*** Opening Given material ***

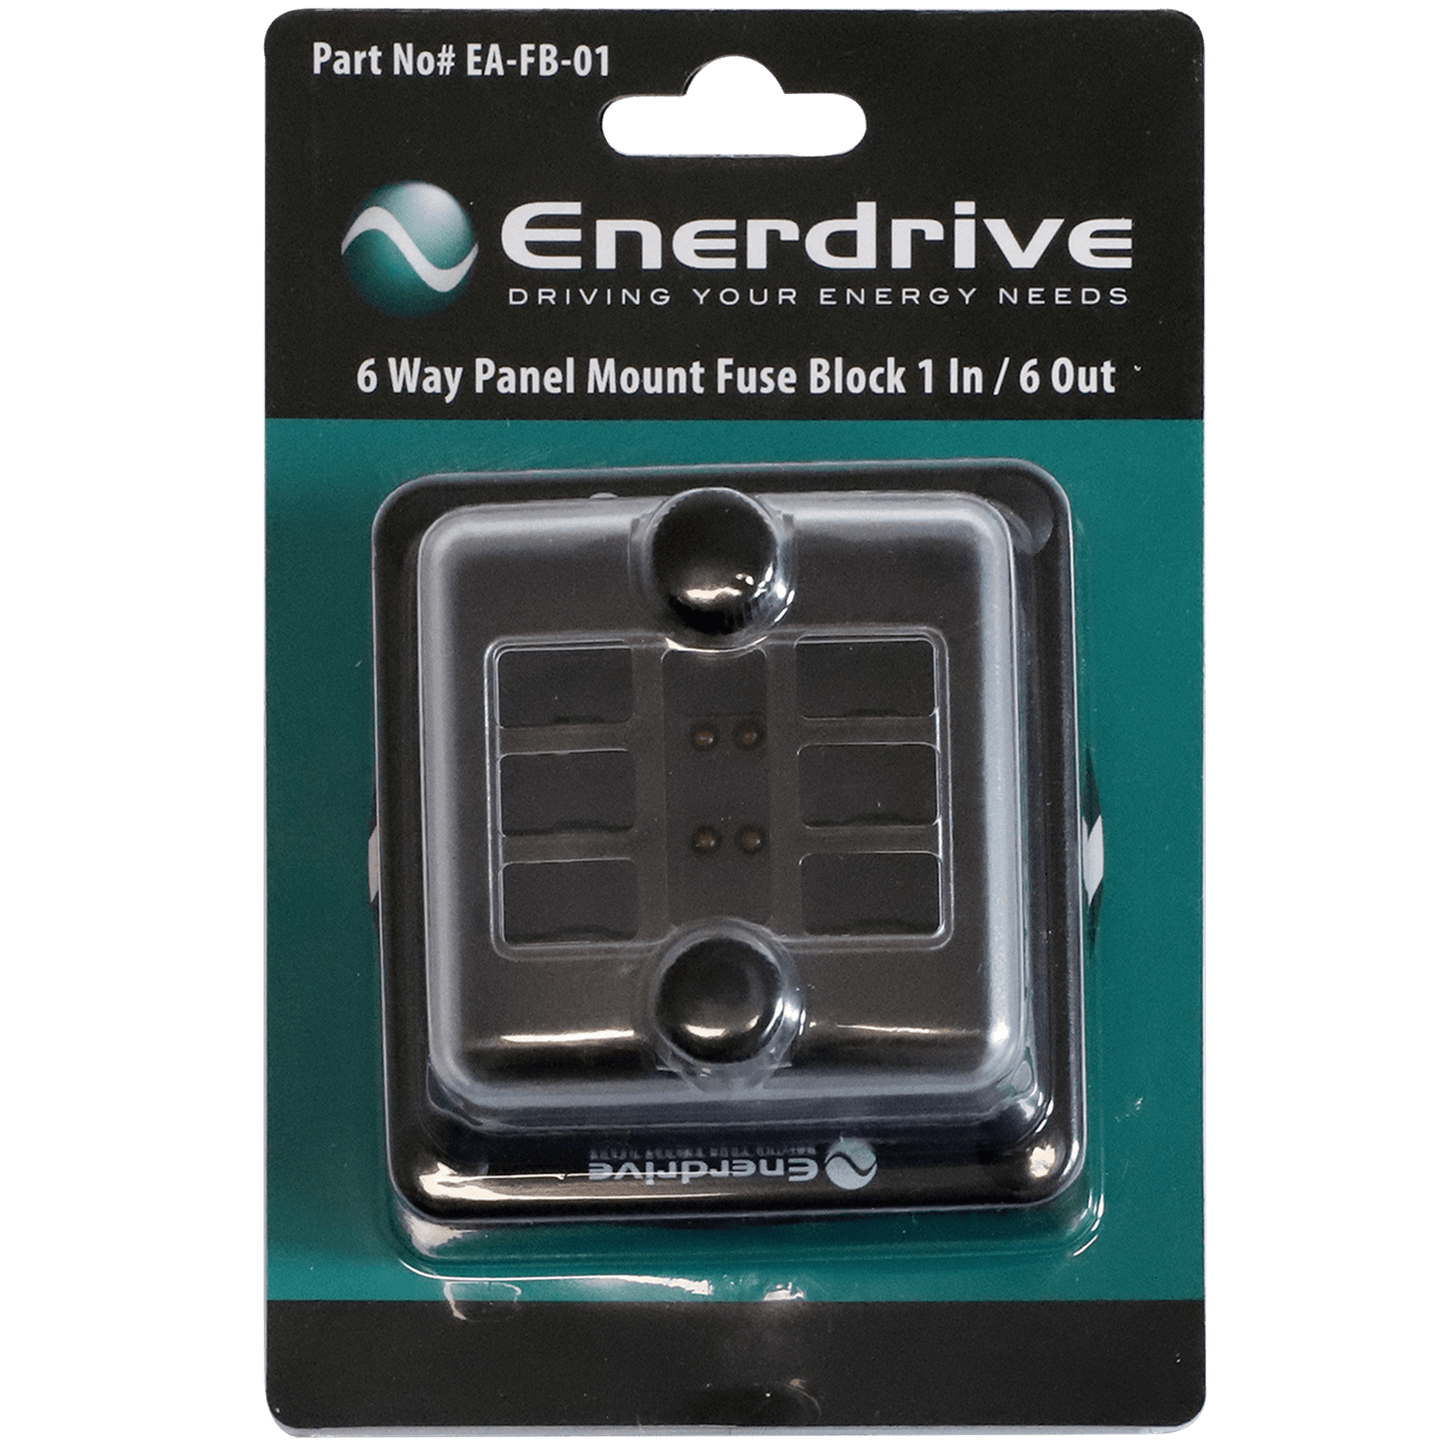 Enerdrive Fuse Block Panel Mount 1 In 6 Out with LEDs
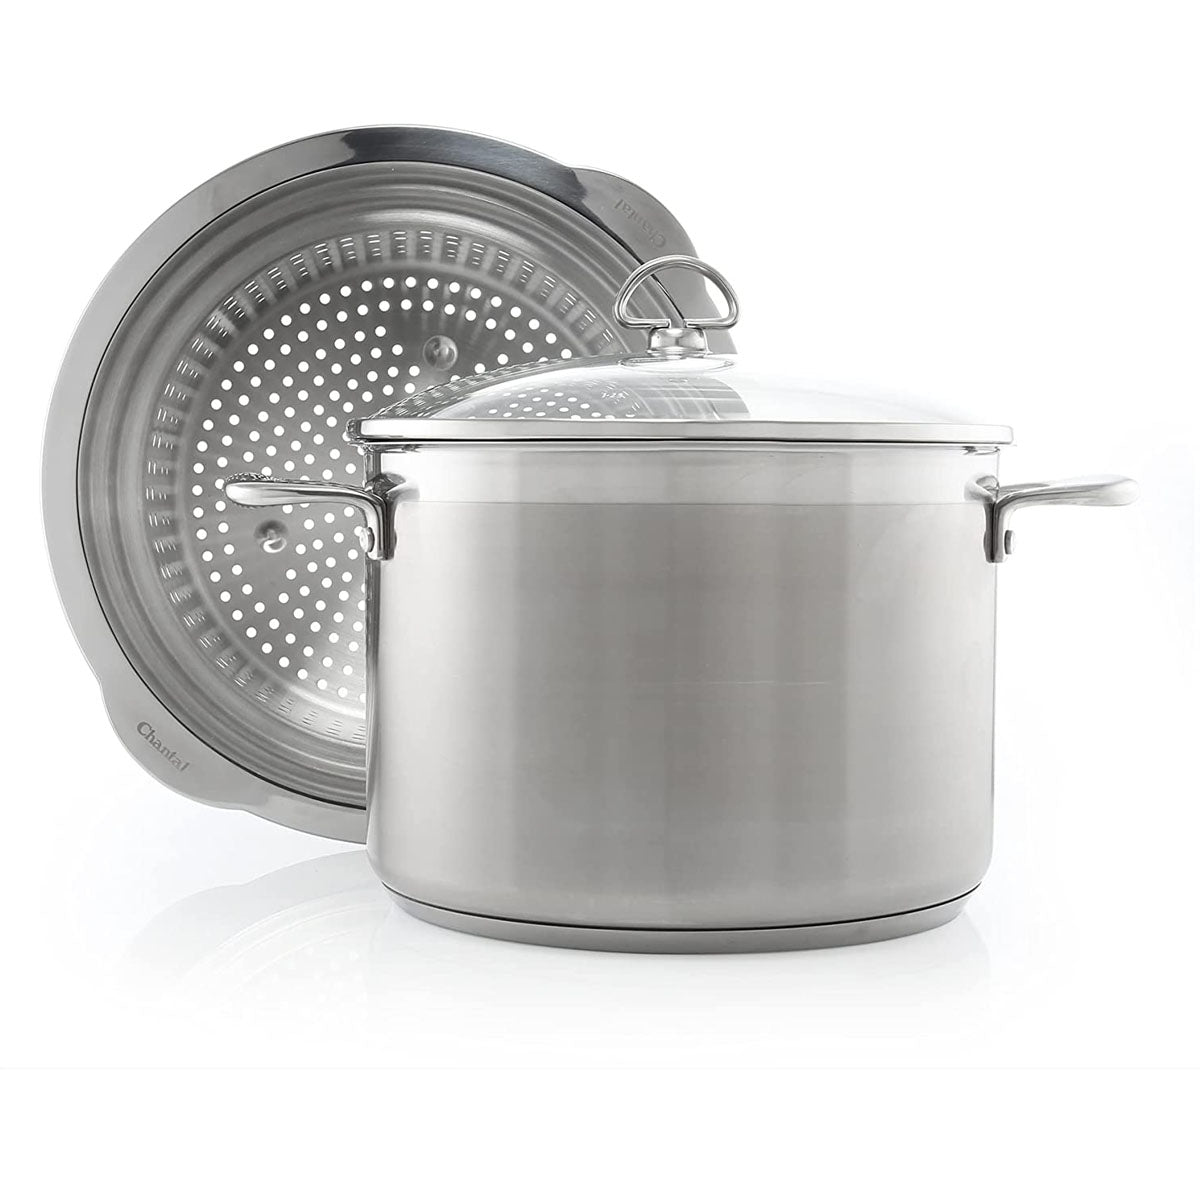  Made In Cookware - 8 Quart Stainless Steel Stock Pot
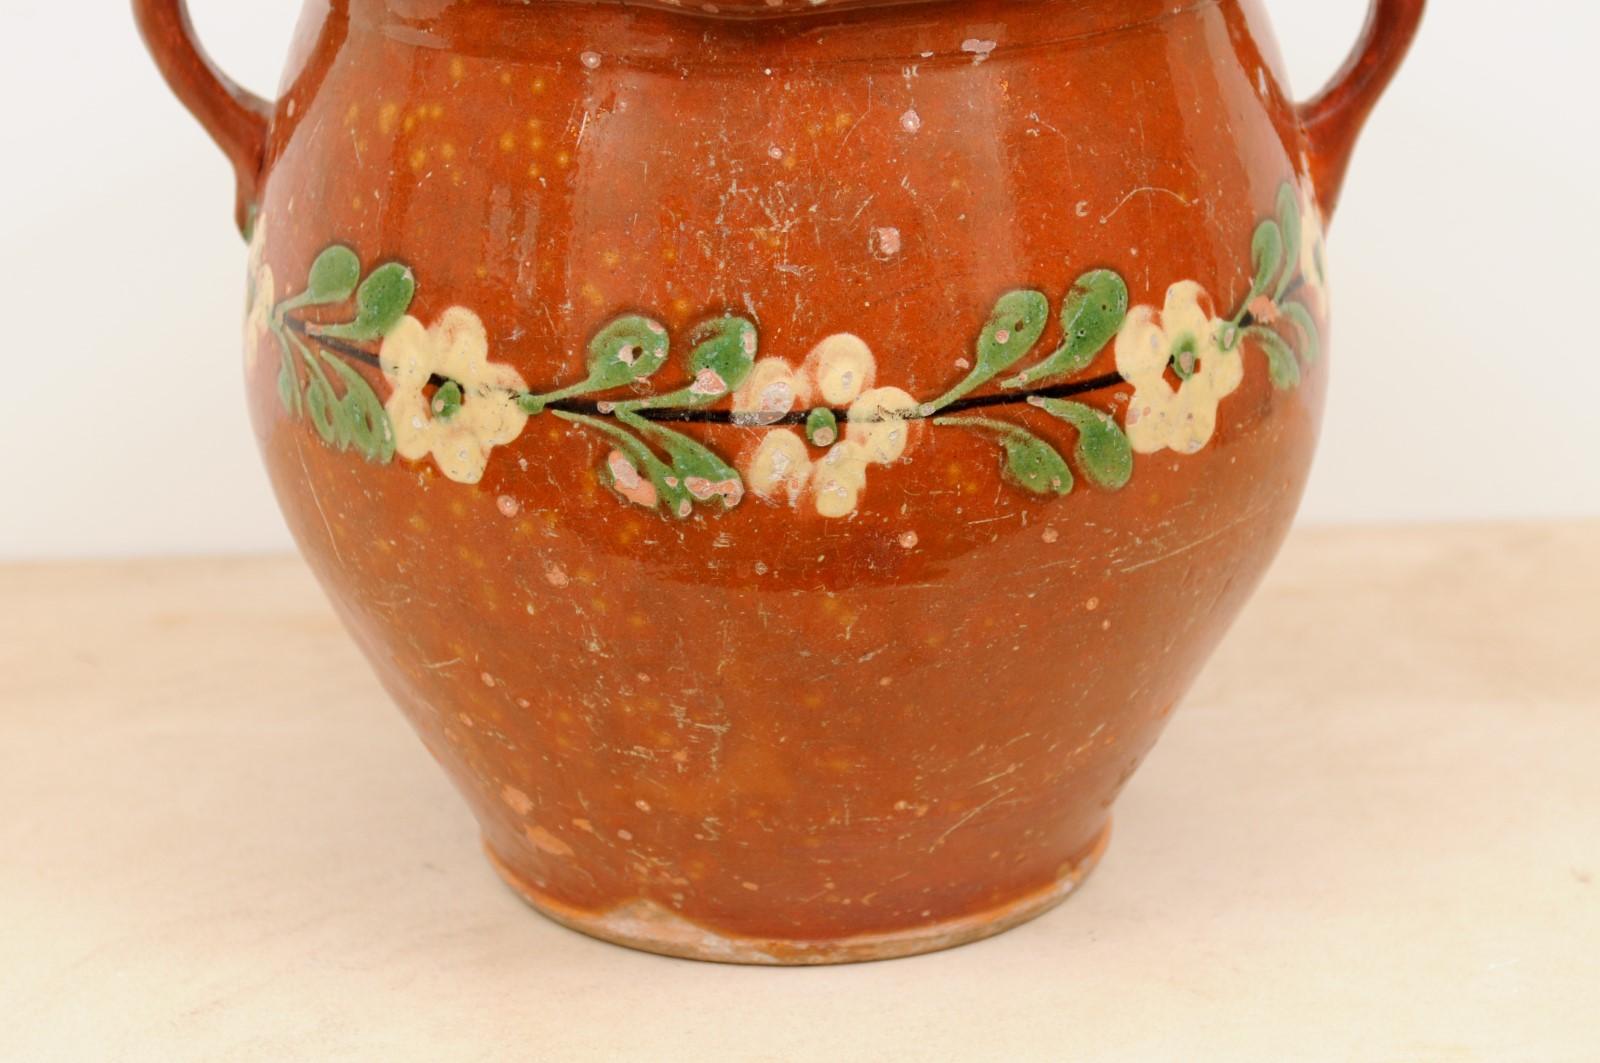 19th Century Rust and Green Glazed Pottery Jug with Floral Decor
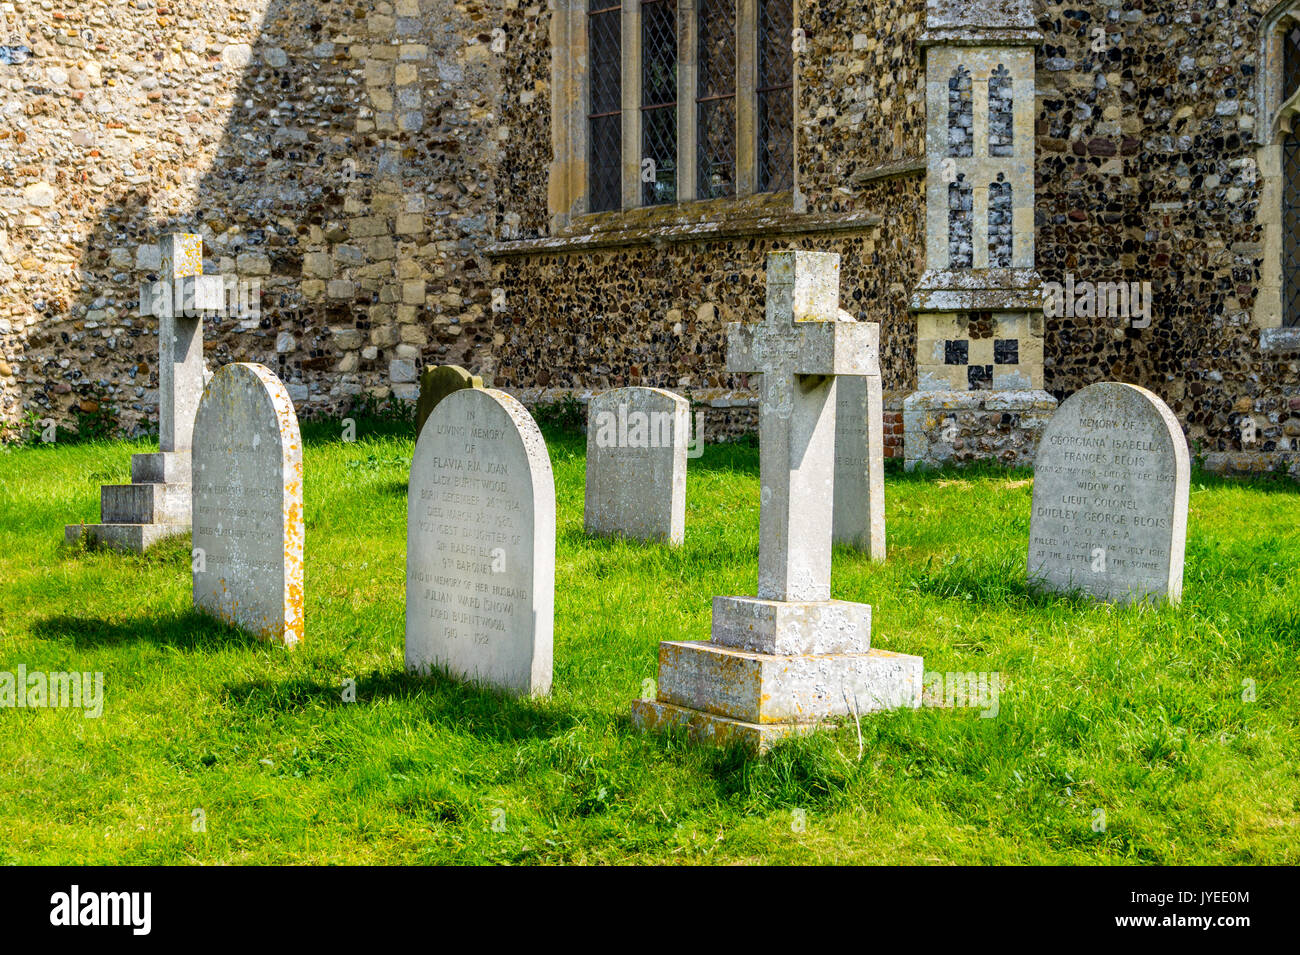 Burial plot of the Blois family in the shadow of the tower, Holy Trinity Church, Blythburgh, Suffolk, England Stock Photo

*** Closing Given material ***

Brief -
Everything in the data above should be set down again exactly, except the pictures.

Solution -
 Enerdrive Fuse Block Panel Mount 1 In 6 Out with LEDs
  Made In Cookware - 8 Quart Stainless Steel Stock Pot
 19th Century Rust and Green Glazed Pottery Jug with Floral Decor
 Burial plot of the Blois family in the shadow of the tower, Holy Trinity Church, Blythburgh, Suffolk, England Stock Photo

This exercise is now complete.